## LISTED ENTRIES

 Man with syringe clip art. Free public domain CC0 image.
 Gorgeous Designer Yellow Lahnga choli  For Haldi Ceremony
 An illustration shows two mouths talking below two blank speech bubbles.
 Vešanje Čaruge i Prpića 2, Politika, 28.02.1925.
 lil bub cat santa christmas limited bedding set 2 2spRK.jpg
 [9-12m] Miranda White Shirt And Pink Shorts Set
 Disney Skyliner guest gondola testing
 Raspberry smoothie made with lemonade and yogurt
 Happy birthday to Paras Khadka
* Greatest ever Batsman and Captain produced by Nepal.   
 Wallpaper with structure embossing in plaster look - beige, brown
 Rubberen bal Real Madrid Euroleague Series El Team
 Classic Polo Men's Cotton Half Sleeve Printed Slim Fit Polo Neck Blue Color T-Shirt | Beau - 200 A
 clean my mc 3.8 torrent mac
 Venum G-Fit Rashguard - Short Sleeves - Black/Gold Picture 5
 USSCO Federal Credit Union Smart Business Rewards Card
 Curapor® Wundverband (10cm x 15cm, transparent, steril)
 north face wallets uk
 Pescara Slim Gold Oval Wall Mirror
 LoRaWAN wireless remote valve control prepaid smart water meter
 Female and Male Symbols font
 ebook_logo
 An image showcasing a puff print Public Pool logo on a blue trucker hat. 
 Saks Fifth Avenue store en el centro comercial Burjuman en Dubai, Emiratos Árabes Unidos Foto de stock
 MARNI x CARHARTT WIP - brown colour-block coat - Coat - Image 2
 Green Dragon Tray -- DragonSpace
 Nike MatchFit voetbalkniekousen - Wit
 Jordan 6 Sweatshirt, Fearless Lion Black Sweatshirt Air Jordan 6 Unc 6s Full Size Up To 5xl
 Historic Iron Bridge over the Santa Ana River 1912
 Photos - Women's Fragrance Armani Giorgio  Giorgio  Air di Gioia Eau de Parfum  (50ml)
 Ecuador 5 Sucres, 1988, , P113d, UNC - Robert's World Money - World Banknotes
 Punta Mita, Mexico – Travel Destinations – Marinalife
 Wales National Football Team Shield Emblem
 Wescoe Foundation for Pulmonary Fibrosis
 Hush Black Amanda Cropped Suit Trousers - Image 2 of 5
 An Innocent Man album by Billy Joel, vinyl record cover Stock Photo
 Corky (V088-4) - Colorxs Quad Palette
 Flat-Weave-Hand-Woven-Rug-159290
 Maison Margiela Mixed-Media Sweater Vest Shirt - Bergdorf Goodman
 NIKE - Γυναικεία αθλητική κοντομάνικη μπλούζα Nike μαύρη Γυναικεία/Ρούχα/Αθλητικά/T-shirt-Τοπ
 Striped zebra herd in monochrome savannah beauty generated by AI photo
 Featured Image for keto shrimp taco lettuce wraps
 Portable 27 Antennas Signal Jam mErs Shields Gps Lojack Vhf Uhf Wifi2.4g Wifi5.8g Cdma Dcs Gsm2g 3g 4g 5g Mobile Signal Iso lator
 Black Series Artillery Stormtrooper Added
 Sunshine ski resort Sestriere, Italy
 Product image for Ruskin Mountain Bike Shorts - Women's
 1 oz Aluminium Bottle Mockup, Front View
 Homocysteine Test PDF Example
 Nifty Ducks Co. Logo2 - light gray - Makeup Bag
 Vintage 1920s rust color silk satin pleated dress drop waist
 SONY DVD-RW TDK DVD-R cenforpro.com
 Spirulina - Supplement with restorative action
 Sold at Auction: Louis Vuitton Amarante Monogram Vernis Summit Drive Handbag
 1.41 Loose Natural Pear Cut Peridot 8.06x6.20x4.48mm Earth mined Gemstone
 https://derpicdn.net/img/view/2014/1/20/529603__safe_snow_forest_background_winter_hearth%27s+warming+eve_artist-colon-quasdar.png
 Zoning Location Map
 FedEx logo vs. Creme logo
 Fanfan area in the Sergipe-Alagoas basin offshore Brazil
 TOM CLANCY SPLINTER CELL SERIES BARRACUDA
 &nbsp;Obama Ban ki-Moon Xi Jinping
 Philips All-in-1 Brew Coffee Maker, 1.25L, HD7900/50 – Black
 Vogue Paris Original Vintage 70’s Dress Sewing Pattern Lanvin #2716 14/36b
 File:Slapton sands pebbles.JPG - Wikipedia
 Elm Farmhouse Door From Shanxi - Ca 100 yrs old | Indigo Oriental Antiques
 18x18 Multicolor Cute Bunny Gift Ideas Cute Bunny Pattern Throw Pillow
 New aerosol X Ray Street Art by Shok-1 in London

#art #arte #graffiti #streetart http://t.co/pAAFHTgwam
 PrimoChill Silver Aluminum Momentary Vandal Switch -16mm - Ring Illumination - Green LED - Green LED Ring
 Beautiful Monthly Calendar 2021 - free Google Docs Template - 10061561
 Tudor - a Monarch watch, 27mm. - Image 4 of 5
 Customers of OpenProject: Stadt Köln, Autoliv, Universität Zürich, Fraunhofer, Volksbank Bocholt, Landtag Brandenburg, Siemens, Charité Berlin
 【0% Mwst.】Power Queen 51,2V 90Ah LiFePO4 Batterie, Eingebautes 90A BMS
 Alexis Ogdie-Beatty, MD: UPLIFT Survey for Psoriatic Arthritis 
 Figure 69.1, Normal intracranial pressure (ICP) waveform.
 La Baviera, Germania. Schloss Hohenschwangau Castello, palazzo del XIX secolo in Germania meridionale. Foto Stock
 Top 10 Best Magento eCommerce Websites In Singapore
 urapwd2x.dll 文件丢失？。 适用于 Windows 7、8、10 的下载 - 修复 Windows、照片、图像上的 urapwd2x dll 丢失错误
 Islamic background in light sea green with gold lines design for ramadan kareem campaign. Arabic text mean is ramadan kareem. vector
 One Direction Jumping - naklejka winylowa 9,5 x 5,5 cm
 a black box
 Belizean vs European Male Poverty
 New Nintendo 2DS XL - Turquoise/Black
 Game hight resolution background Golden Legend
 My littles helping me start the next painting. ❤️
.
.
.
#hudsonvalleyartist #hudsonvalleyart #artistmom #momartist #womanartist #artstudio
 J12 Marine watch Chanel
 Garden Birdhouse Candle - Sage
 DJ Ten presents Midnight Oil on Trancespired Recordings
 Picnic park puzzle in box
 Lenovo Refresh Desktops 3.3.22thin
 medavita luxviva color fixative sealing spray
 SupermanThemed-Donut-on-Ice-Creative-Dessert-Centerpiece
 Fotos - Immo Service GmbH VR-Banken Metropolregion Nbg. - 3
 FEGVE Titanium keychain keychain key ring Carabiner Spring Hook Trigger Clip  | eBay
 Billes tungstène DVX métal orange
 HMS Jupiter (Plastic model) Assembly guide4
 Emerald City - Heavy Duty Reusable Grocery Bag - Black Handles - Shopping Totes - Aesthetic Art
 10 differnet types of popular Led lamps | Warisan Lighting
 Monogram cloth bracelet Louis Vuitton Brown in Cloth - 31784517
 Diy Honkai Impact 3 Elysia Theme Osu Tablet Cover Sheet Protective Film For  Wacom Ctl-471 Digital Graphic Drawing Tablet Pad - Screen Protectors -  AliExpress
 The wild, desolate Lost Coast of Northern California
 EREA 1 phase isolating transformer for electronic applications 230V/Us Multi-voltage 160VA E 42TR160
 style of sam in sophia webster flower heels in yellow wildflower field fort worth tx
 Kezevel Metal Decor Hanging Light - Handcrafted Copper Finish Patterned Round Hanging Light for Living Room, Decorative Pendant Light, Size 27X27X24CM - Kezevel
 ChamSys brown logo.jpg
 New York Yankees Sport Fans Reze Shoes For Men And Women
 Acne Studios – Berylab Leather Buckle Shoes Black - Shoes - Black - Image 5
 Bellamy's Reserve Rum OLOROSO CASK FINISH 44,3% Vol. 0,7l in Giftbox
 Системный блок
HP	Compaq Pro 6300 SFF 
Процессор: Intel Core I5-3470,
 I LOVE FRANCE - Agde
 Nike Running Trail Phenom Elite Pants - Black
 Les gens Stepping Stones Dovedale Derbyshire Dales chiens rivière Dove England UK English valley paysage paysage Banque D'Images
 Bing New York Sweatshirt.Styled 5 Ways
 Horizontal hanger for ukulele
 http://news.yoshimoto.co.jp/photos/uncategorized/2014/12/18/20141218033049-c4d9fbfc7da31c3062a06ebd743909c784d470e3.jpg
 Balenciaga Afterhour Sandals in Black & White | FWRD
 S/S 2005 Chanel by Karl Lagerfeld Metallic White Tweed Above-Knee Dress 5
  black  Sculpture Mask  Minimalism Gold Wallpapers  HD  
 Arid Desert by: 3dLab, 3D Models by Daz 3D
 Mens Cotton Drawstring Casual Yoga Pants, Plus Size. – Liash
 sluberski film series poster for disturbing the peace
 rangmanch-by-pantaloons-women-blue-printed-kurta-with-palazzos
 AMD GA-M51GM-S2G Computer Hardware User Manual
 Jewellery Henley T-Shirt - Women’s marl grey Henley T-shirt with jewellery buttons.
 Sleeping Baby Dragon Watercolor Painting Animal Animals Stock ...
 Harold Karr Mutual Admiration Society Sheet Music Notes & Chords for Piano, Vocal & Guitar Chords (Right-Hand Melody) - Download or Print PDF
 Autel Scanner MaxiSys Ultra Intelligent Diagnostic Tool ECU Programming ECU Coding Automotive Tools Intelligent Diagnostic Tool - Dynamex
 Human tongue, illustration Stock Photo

## EXERCISE PROMPT
List every line above that holds the word "Slim".

## TASK RESULT
 Classic Polo Men's Cotton Half Sleeve Printed Slim Fit Polo Neck Blue Color T-Shirt | Beau - 200 A
 Pescara Slim Gold Oval Wall Mirror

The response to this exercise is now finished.